↓↓↓

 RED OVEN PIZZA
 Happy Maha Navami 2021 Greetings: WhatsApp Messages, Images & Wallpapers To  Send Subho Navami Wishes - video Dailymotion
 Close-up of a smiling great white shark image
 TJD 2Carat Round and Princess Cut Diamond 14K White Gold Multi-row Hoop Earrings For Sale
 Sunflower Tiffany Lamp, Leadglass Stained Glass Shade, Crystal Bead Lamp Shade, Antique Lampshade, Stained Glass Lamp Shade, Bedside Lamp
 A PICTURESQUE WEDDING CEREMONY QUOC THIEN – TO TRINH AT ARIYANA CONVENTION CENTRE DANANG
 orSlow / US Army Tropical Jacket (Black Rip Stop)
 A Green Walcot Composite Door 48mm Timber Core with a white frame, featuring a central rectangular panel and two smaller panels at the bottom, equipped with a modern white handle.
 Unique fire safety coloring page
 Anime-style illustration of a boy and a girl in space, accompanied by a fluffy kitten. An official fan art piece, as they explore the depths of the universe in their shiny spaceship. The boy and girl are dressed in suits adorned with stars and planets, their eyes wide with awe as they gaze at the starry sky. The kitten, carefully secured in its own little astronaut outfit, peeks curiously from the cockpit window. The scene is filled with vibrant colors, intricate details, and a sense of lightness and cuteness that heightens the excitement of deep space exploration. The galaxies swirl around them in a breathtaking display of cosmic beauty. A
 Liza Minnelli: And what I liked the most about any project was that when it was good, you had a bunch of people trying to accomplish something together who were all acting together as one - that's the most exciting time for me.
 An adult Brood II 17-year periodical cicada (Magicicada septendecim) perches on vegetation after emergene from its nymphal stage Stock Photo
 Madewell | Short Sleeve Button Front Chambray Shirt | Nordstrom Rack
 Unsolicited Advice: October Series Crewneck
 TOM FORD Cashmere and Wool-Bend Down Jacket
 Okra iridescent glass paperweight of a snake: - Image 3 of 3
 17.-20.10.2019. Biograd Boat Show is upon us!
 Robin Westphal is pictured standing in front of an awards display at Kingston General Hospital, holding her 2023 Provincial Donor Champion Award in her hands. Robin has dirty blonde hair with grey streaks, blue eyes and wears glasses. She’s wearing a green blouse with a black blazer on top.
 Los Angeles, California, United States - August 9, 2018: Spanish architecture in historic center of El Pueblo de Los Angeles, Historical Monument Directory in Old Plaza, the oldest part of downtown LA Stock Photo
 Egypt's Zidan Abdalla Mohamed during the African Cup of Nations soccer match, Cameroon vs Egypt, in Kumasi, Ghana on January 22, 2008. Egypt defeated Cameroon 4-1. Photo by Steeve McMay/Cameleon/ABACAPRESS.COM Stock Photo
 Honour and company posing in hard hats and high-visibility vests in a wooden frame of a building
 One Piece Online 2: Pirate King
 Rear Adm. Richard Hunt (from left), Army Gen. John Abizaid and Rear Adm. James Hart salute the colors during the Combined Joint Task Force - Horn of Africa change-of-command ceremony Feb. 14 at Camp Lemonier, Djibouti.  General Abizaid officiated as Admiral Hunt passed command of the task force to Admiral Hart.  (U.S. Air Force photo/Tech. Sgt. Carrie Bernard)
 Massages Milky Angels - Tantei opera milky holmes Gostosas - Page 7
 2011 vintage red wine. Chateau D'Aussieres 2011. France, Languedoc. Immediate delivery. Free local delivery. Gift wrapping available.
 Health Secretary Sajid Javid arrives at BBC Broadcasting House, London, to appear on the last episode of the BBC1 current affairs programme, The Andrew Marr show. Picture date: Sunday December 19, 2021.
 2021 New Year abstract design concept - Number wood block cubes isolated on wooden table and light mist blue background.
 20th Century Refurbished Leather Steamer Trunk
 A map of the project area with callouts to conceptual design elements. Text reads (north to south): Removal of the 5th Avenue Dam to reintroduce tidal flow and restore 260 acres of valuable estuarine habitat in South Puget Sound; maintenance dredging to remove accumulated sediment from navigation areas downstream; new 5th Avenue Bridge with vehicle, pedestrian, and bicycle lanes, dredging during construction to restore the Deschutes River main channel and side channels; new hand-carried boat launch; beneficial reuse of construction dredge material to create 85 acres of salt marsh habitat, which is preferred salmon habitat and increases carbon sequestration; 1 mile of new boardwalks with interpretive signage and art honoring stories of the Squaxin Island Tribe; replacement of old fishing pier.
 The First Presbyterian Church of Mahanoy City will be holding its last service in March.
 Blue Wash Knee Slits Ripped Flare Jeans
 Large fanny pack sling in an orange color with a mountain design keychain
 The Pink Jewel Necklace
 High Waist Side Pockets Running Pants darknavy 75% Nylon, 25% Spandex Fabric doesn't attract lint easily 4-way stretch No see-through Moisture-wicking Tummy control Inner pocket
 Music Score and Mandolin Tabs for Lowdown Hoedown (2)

↑↑↑

*Task statement:*
Copy out all lines from the records where the word "wooden" appears.

*Solution to this problem:*
 Honour and company posing in hard hats and high-visibility vests in a wooden frame of a building
 2021 New Year abstract design concept - Number wood block cubes isolated on wooden table and light mist blue background.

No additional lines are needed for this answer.